Synopsis
‘Sonic intimacy’ is a key concept through which sound, human and technological relations can be assessed in relation to racial capitalism. What is sonic intimacy, how is it changing and what is at stake in its transformation, are questions that should concern us all. Through an analysis of alternative music cultures of the Black Atlantic (reggae sound systems, jungle pirate radio and grime YouTube music videos), Malcolm James critically shows how sonic intimacy pertains to modernity’s social, psychic, spatial and temporal movements. This book explores what is urgently at stake in the development of sonic intimacy for human relations and alternative black and anti-capitalist public politics.
About the Authors
Malcolm James is Senior Lecturer in Media and Cultural Studies at the University of Sussex, UK. He is author of Sonic Intimacy (Bloomsbury 2020), Urban Multiculture: Youth, Politics and Cultural Transformation (2015), and co-editor of Regeneration Songs: Sounds of Investment and Loss in East London (2018).

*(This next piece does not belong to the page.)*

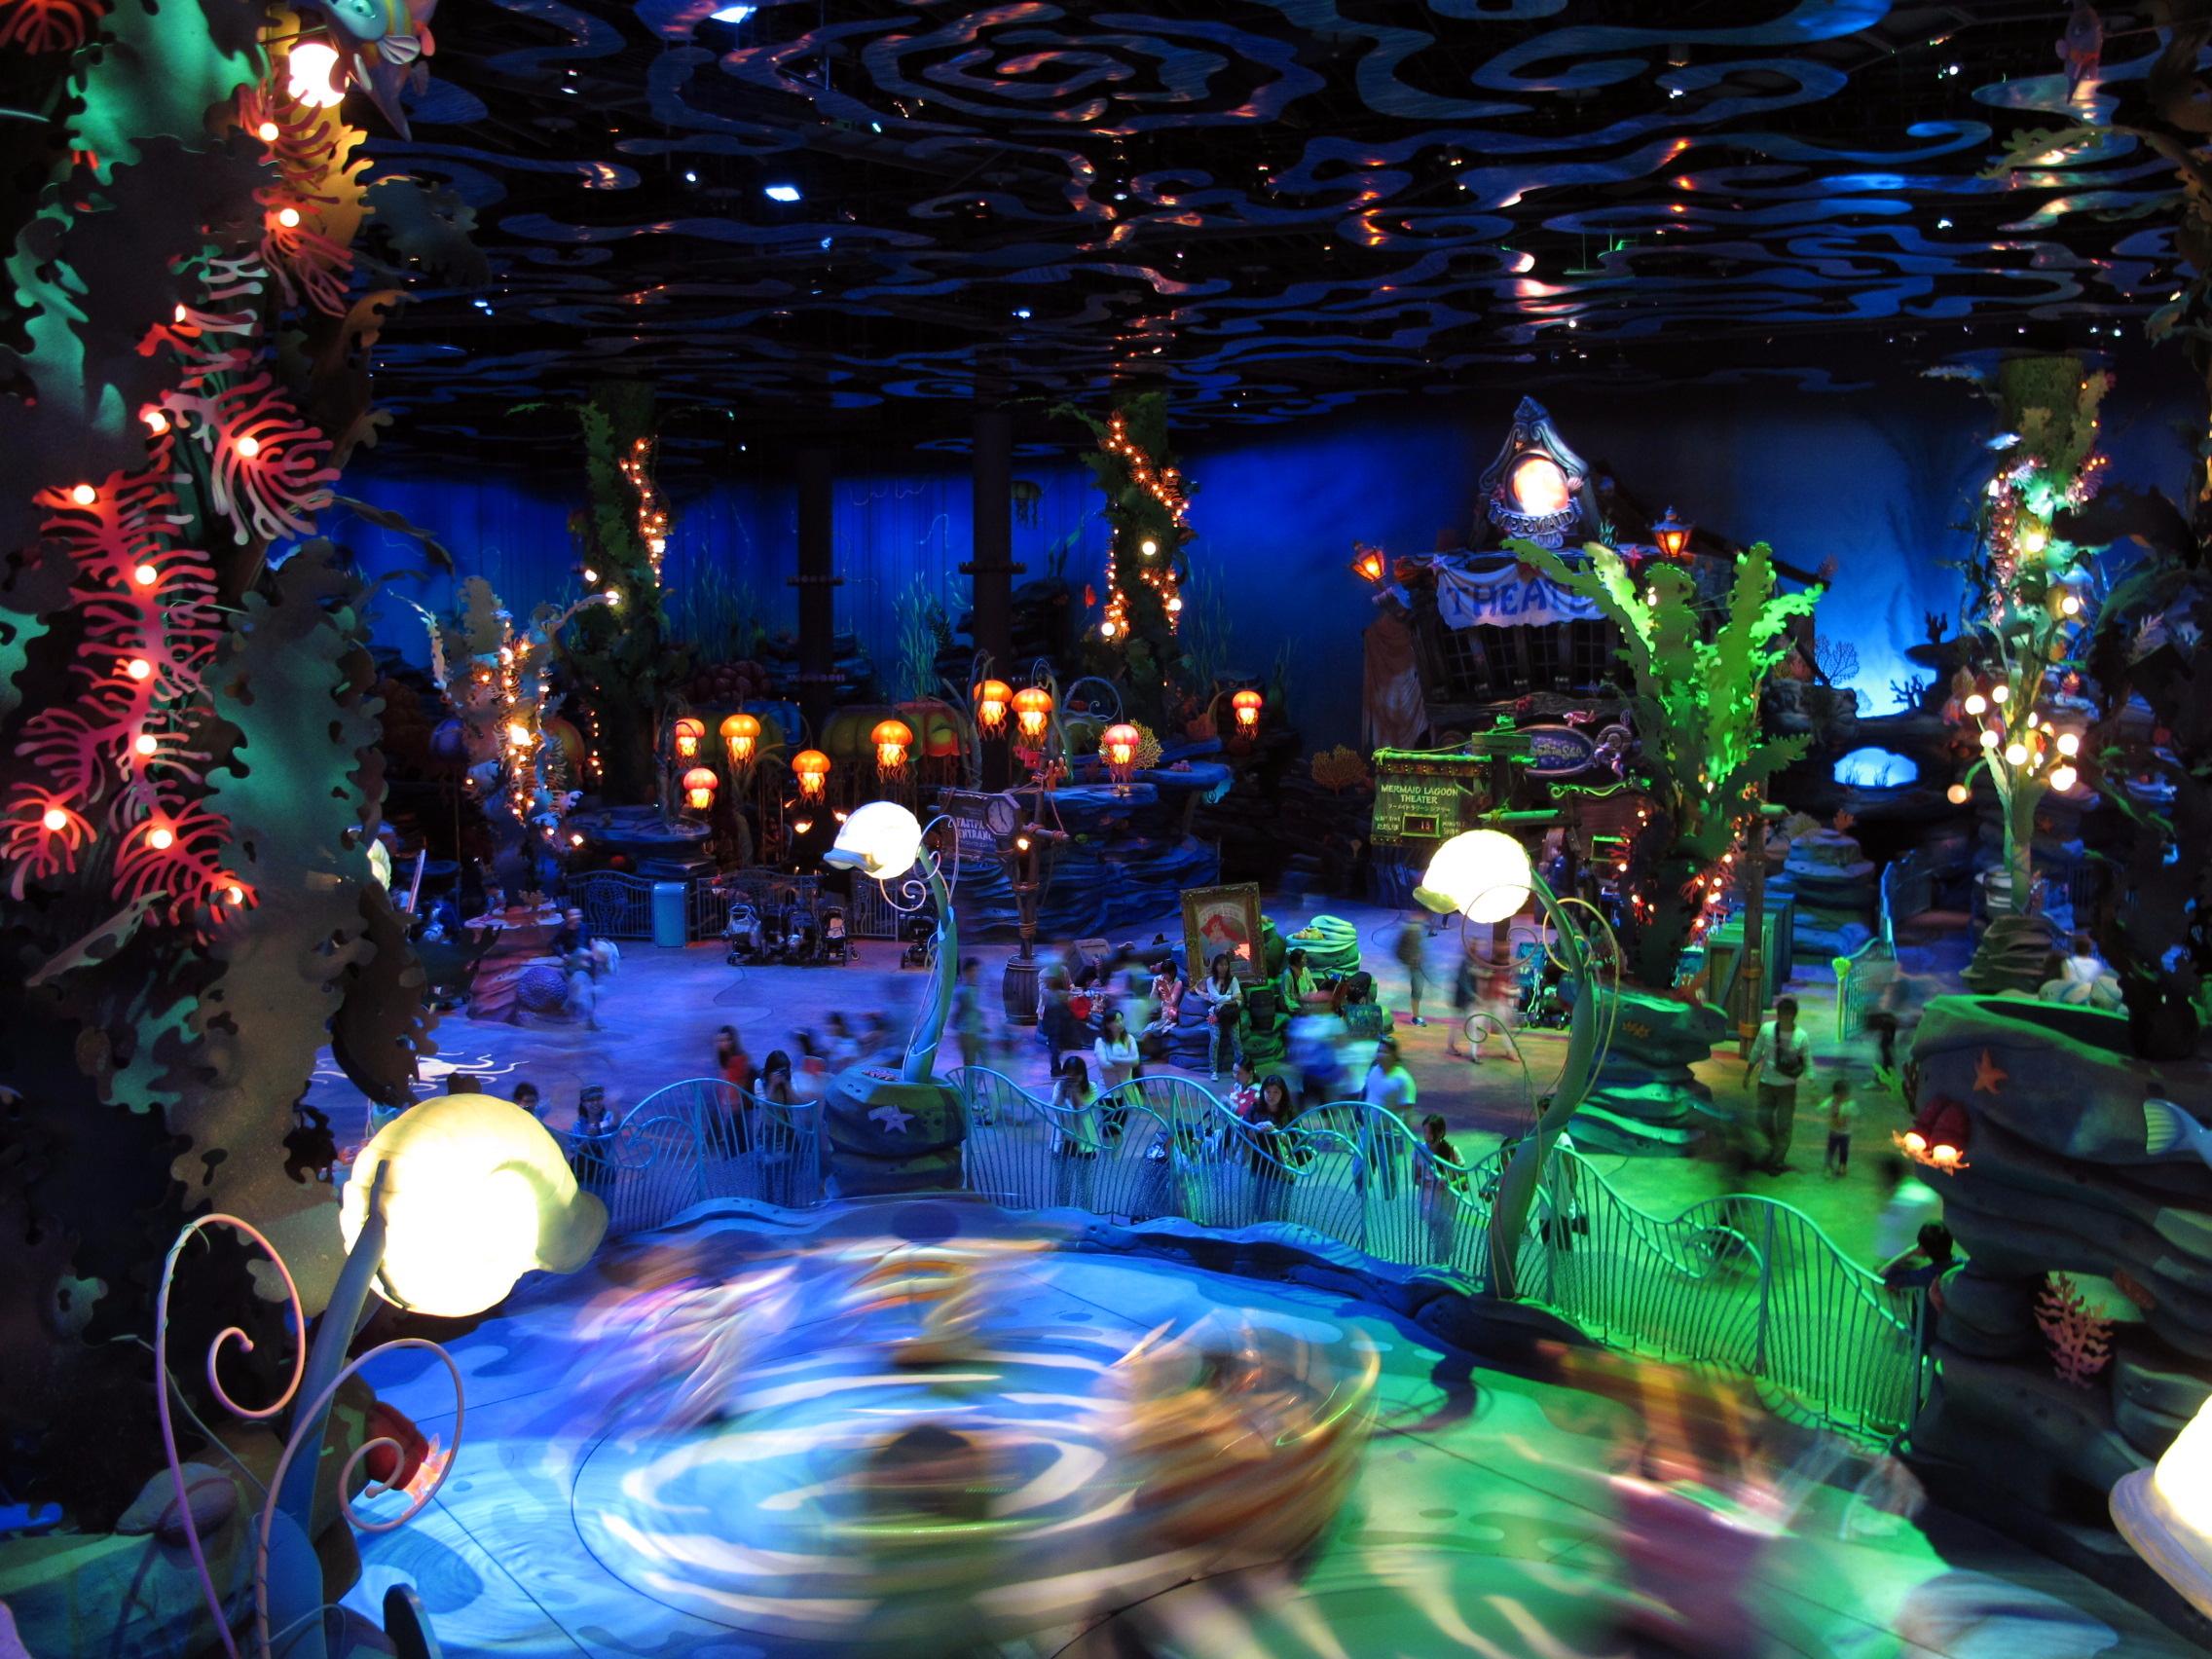 File:Tokyo DisneySea Mermaid Lagoon Interior View 201306

Michael Bull is Professor of Sound Studies at the University of Sussex, UK. His many authored books include Sirens (Bloomsbury 2020) and Sound Moves, iPod Culture and Urban Experience (Routledge, 2007). He is editor of the Routledge Companion to Sound Studies (2018) and The Auditory Culture Reader (Bloomsbury 2003, and 2016), and co-editor of the Bloomsbury Handbook of Sonic Methodologies (Bloomsbury, 2020). He is a founding editor of the journals, The Senses and Society and Sound Studies.